Although a strong admirer of President Roosevelt, Tittmann does not flinch from criticizing the Allies’ carpet-bombing of Italian cities and religious institutions (including the attack on Castel Gandolfo, where the Pope was sheltering thousands of refugees). Tittmann also reveals how Roosevelt, anxious to secure American Catholic support for the lend-lease program to Russia and eager for the Pope to intervene for him with the American bishops, wrote Pius a letter claiming that “churches in Russia are open””and asserting his putative belief that there was “a real possibility that Russia may, as a result of the present conflict, recognize freedom of religion.” Obviously embarrassed by this, Tittmann quotes another State Department official who had been stationed in Moscow as saying “he could not understand how such a letter as the President’s could ever have been written in the first place in view of all the contrary information that was on file in the State Department.”

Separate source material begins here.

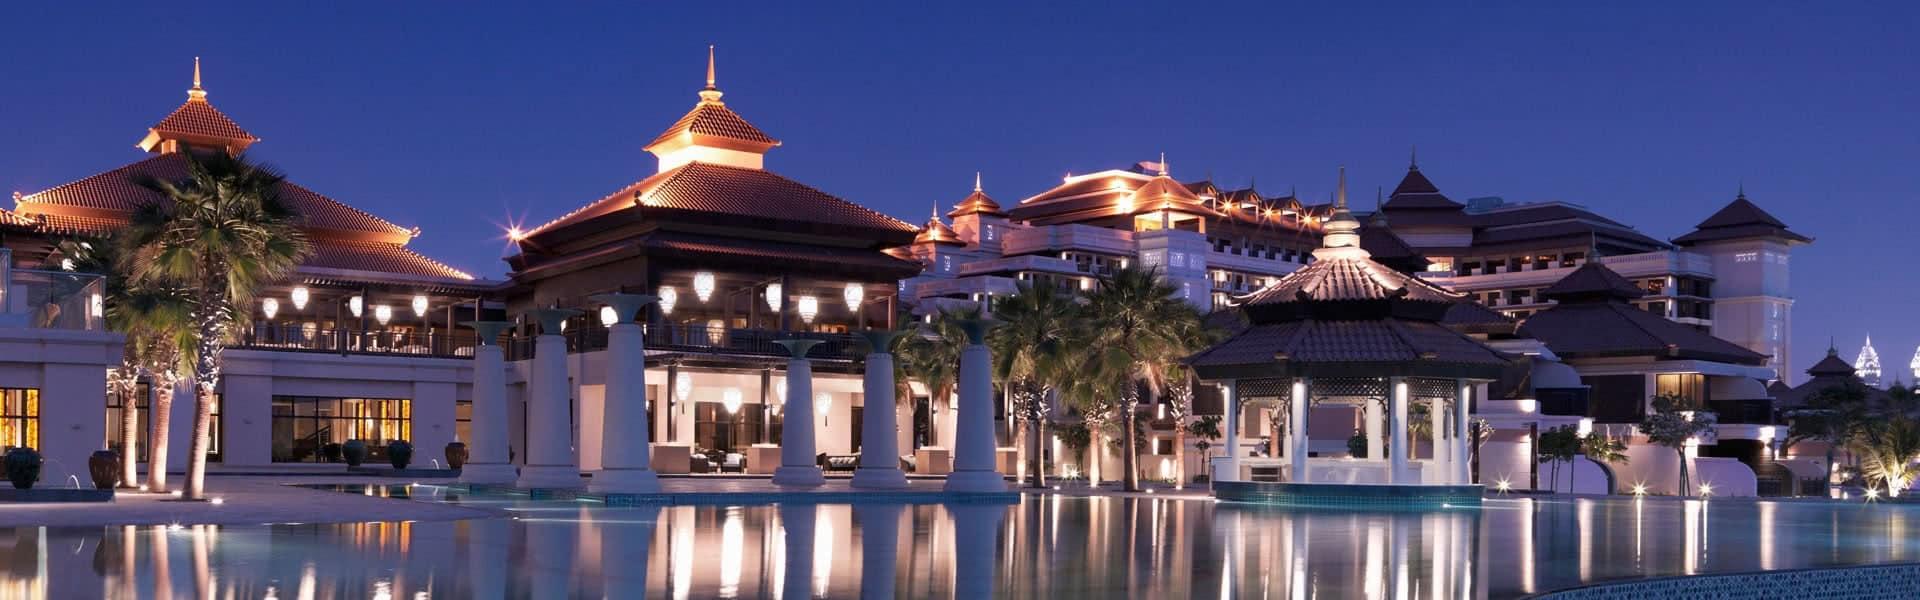 Anantara logo clipart vector stock The Palm Jumeirah Hotels   Offers at Anantara Dubai The Palm vector stock

Critics often charge Pius with refusing to speak out against the Third Reich publicly and explicitly. Besides being inaccurate”the Vatican had excoriated Nazism long before Hitler came to power”the criticism is simplistic. As Tittmann points out, soon after World War II began, Pius XII authorized Vatican Radio to specifically condemn Nazi war crimes in Poland, naming the Nazis as the perpetrators, and Catholics and Jews as their victims. “However,” writes Tittmann, “the Polish bishops hastened to notify the Vatican that after each broadcast had come over the air, the various local populations suffered ‘terrible’ reprisals. The thought that there were those paying with their lives for the information publicized by Vatican Radio made the continuation of these broadcasts impossible.” Pius XII had tried the route of “explicit” condemnation”and it failed.
Toward the end of 1942, when reports of Nazi atrocities were increasing, Allied diplomats asked Pius to brand the Nazis by name. Despite his concern for ongoing reprisals, which had wrought havoc the previous July in Holland, Pius agreed”on the condition that he name the Soviets and condemn their war crimes as well; he reasoned that as universal pope, he could not condemn one totalitarian regime and wholly refrain from mentioning another whose principles were strikingly similar. But when the Allies learned that Pius XII intended to include the Soviet Union in his condemnation, they dropped their request immediately, lest Stalin become enraged.
Tittmann concedes that the Pope had the better of the argument: “It was difficult for us to argue these points effectively with the Pope and in the end we were obliged to resign ourselves to the failure of our attempts.” The debate may have been unnecessary, for as Pius himself told Tittmann shortly before his 1942 Christmas address, “I have already stated in three consecutive Christmas broadcasts that antireligious, totalitarian principles are iniquitous. These are the principles of the Nazis as any child can see.”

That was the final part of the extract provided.